-- THE DATA follows --

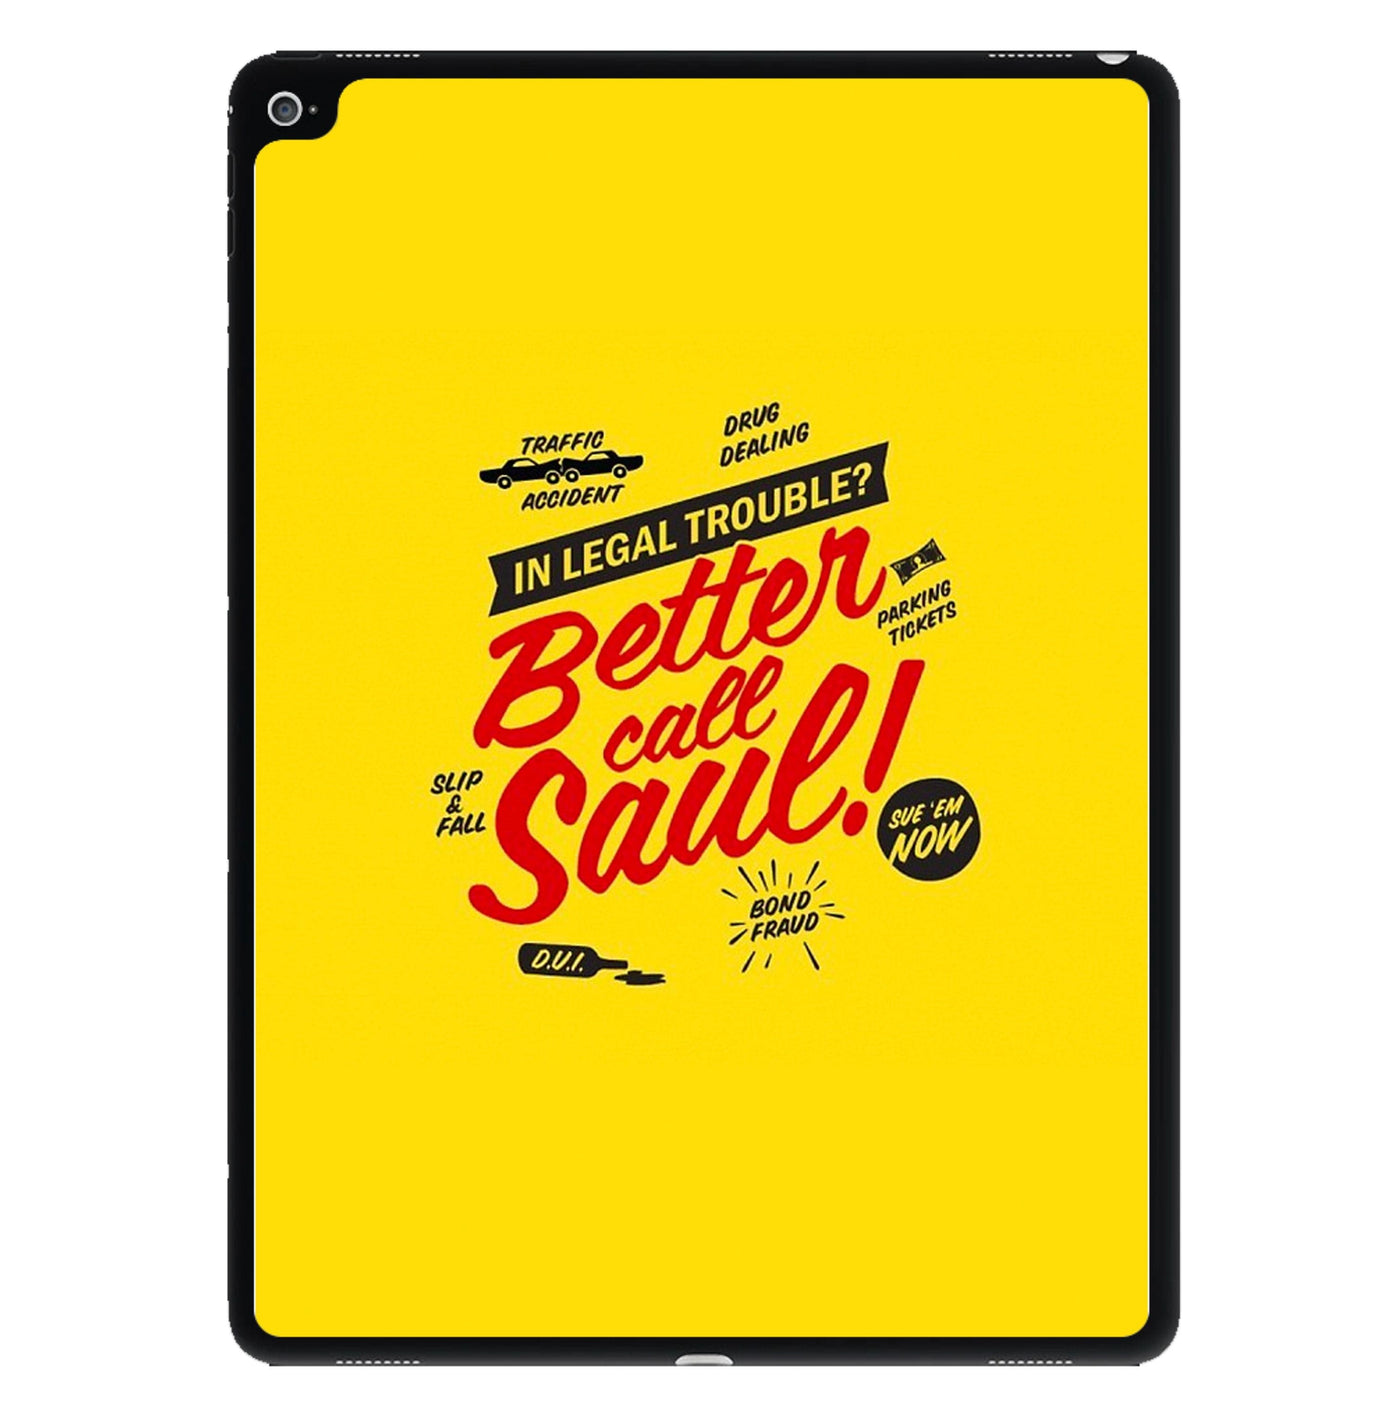 In Legal Trouble? Better Call Saul iPad Case
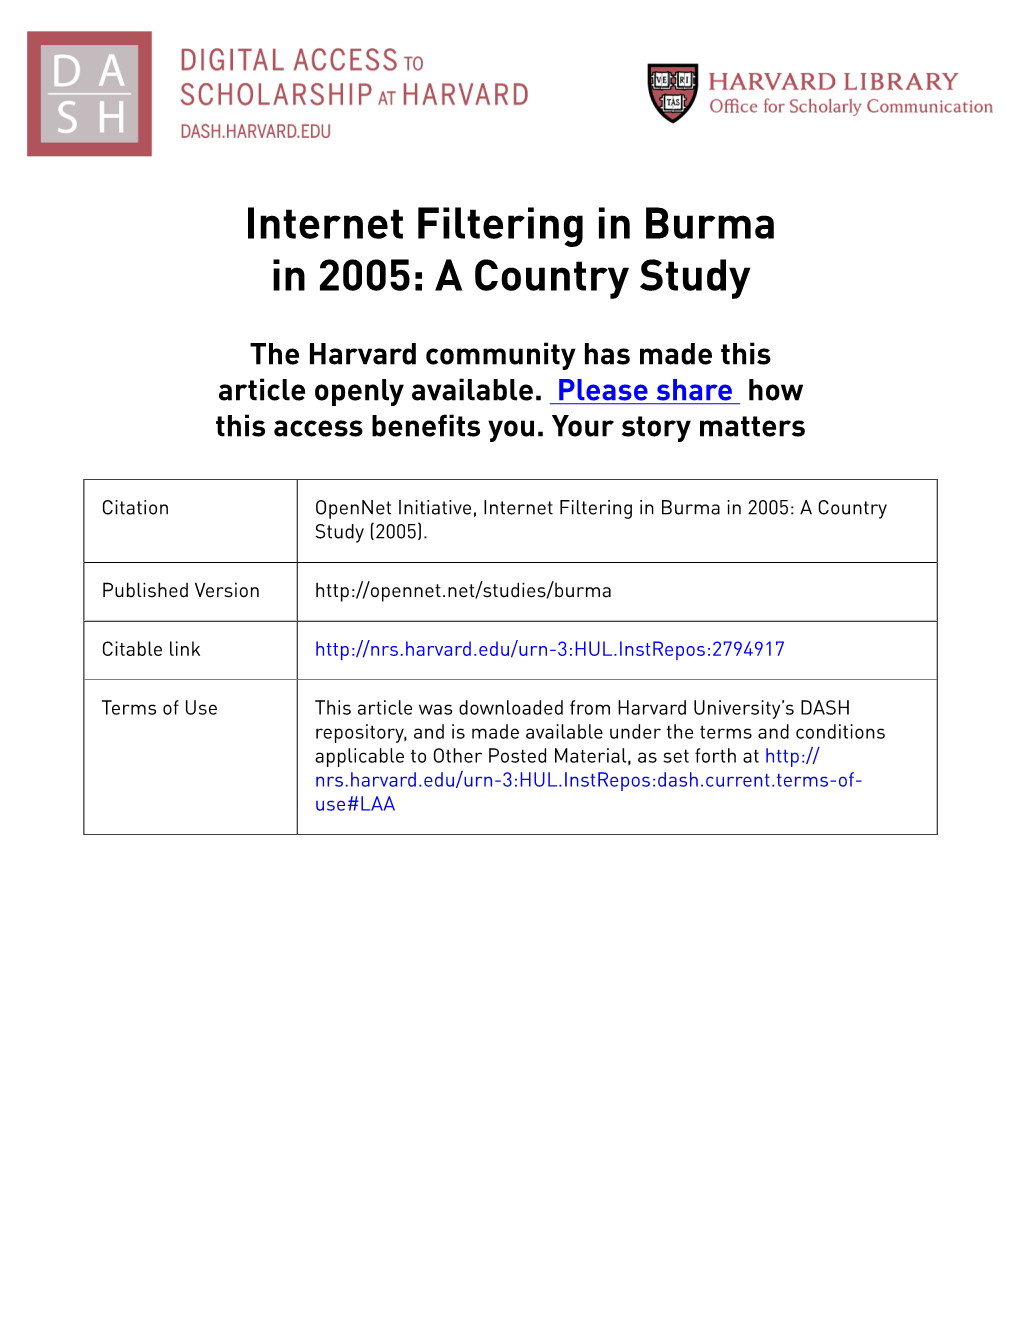 Internet Filtering in Burma in 2005: a Country Study
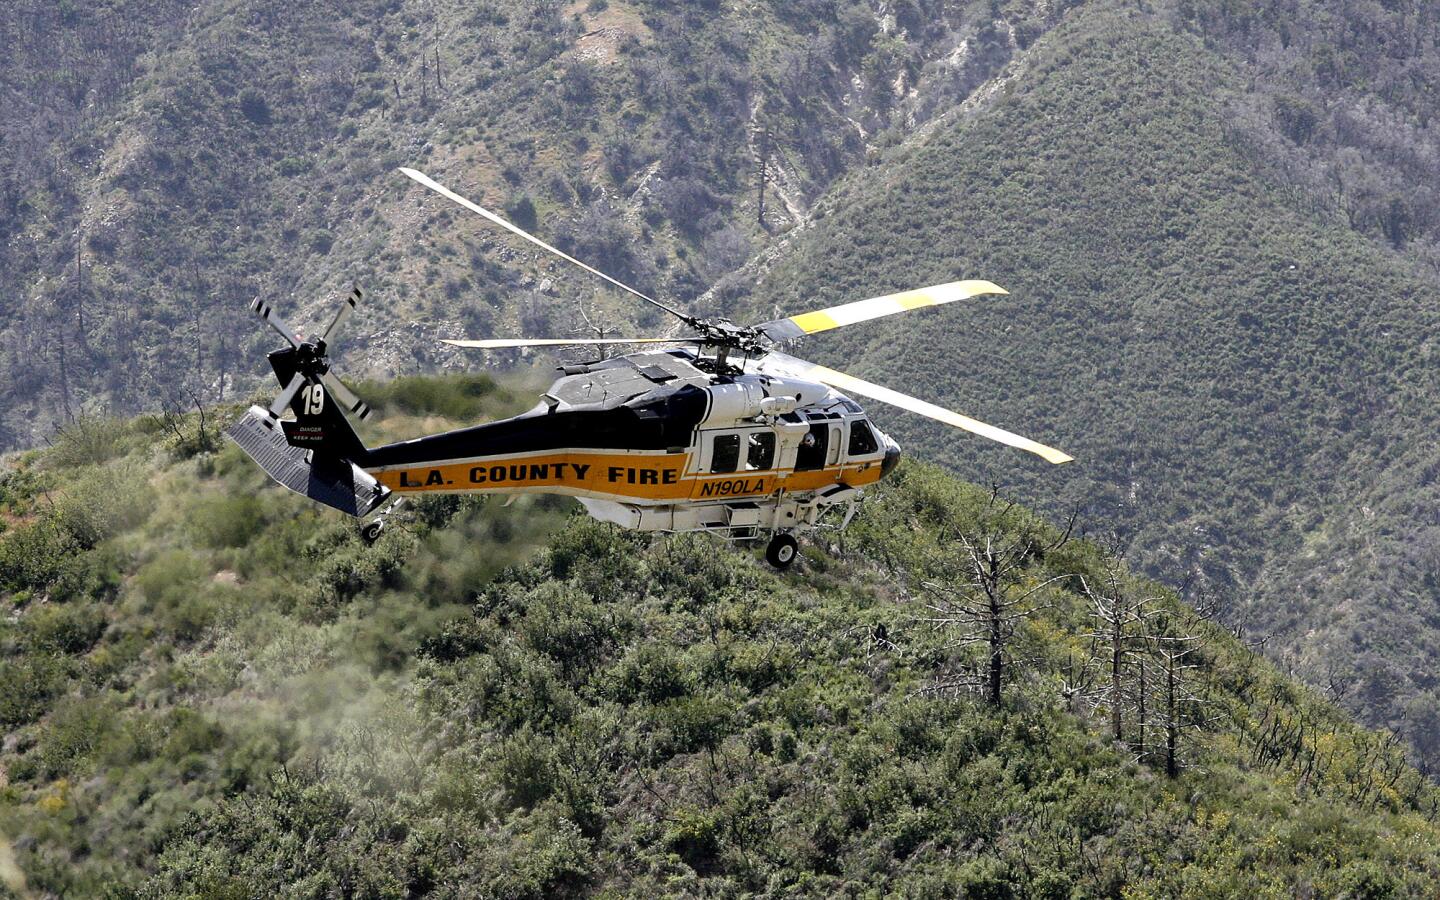 Photo Gallery: Vehicle found over the edge in Angeles National Forest
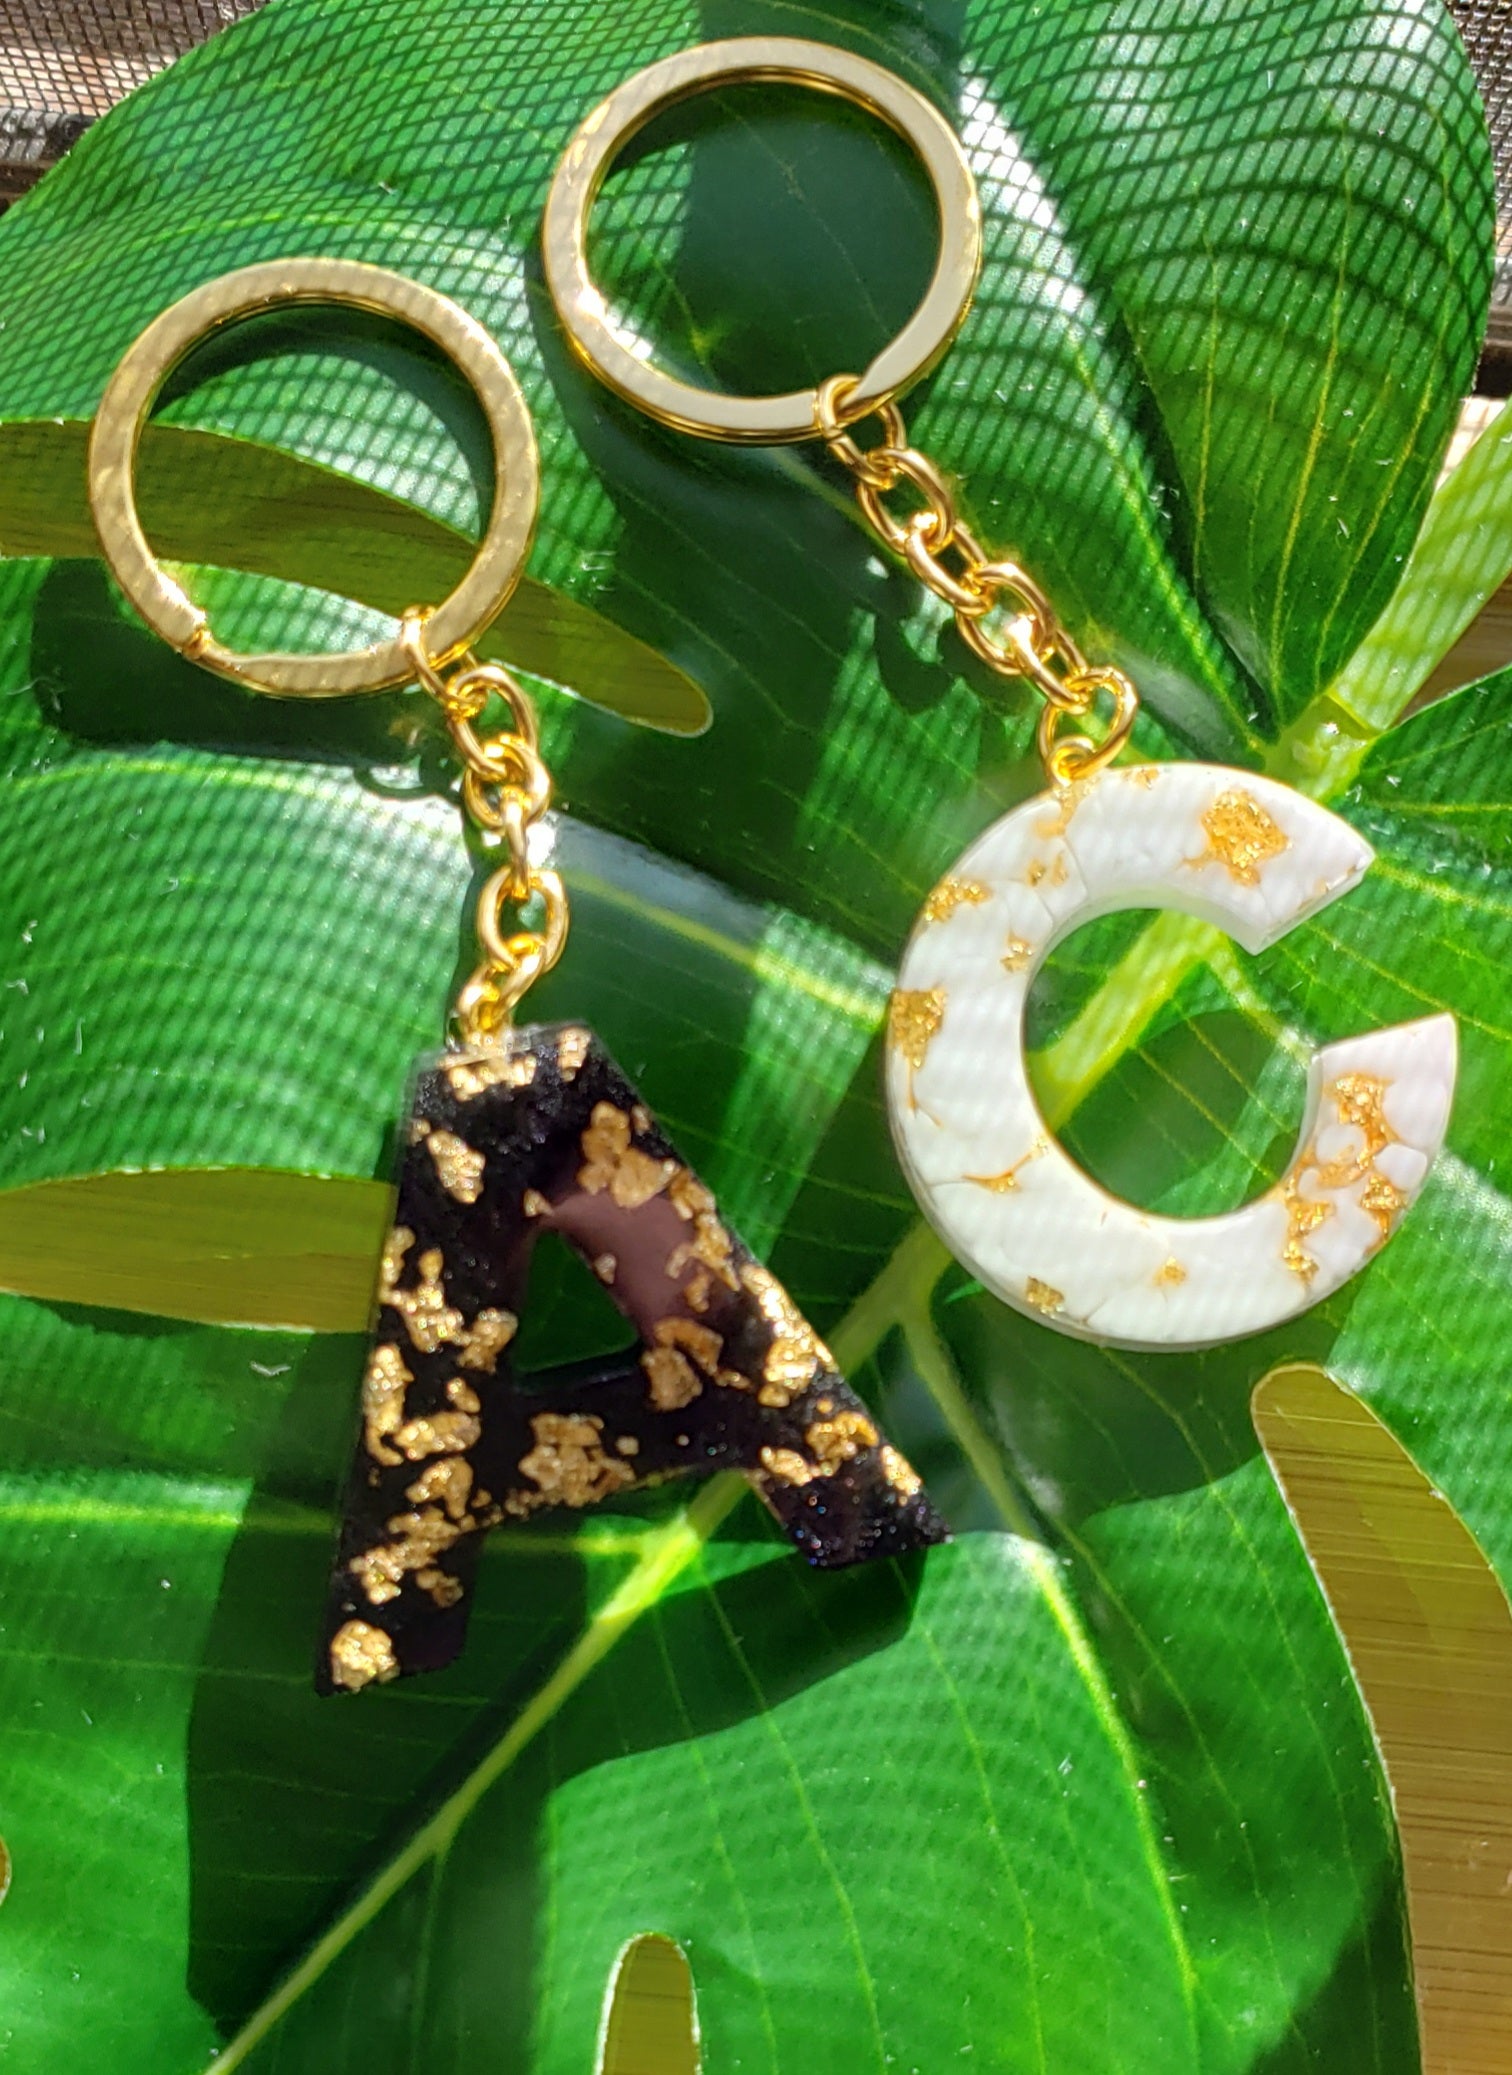 Custom Resin Initial Letter Keychains Gold Flakes Made to 
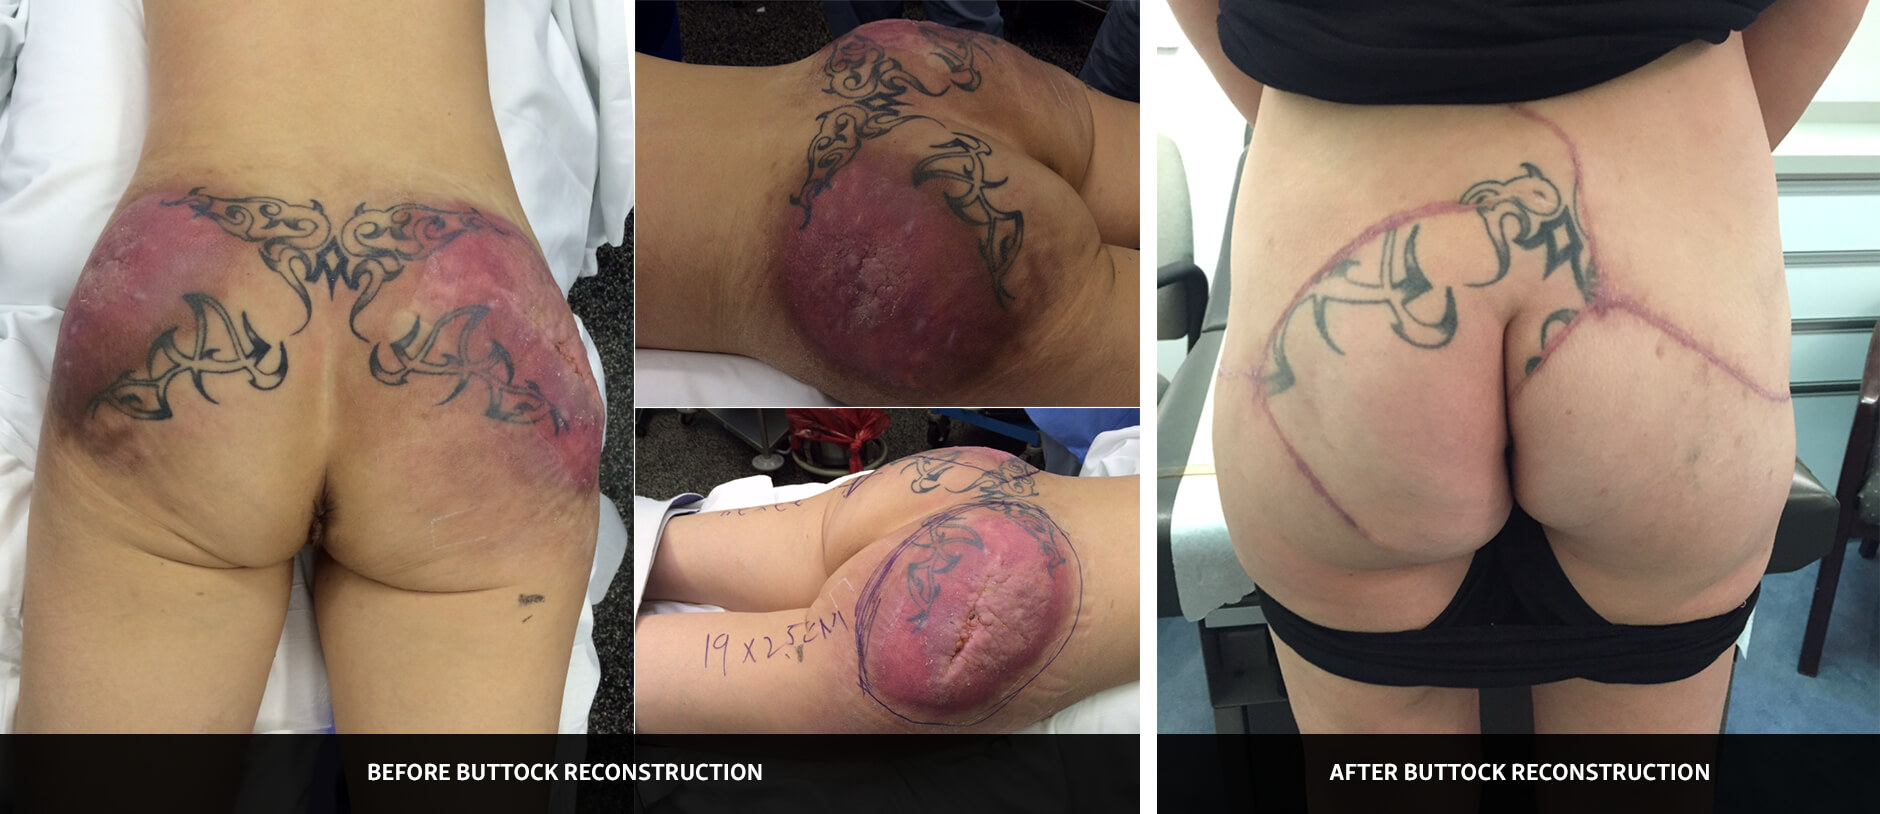 Case Study 03 - before and after photos of buttock reconstruction by Dr. Mir

-- THE DATA concluded --

WHAT YOU HAVE TO DO. Do not include the pictures. Quote only the lines from the line with "Photo Gallery: Vehicle" through the end of the material, both ends included, exactly.

WRITTEN RESPONSE.
 Photo Gallery: Vehicle found over the edge in Angeles National Forest
 Custom Resin Initial Letter Keychains Gold Flakes Made to 
 Case Study 03 - before and after photos of buttock reconstruction by Dr. Mir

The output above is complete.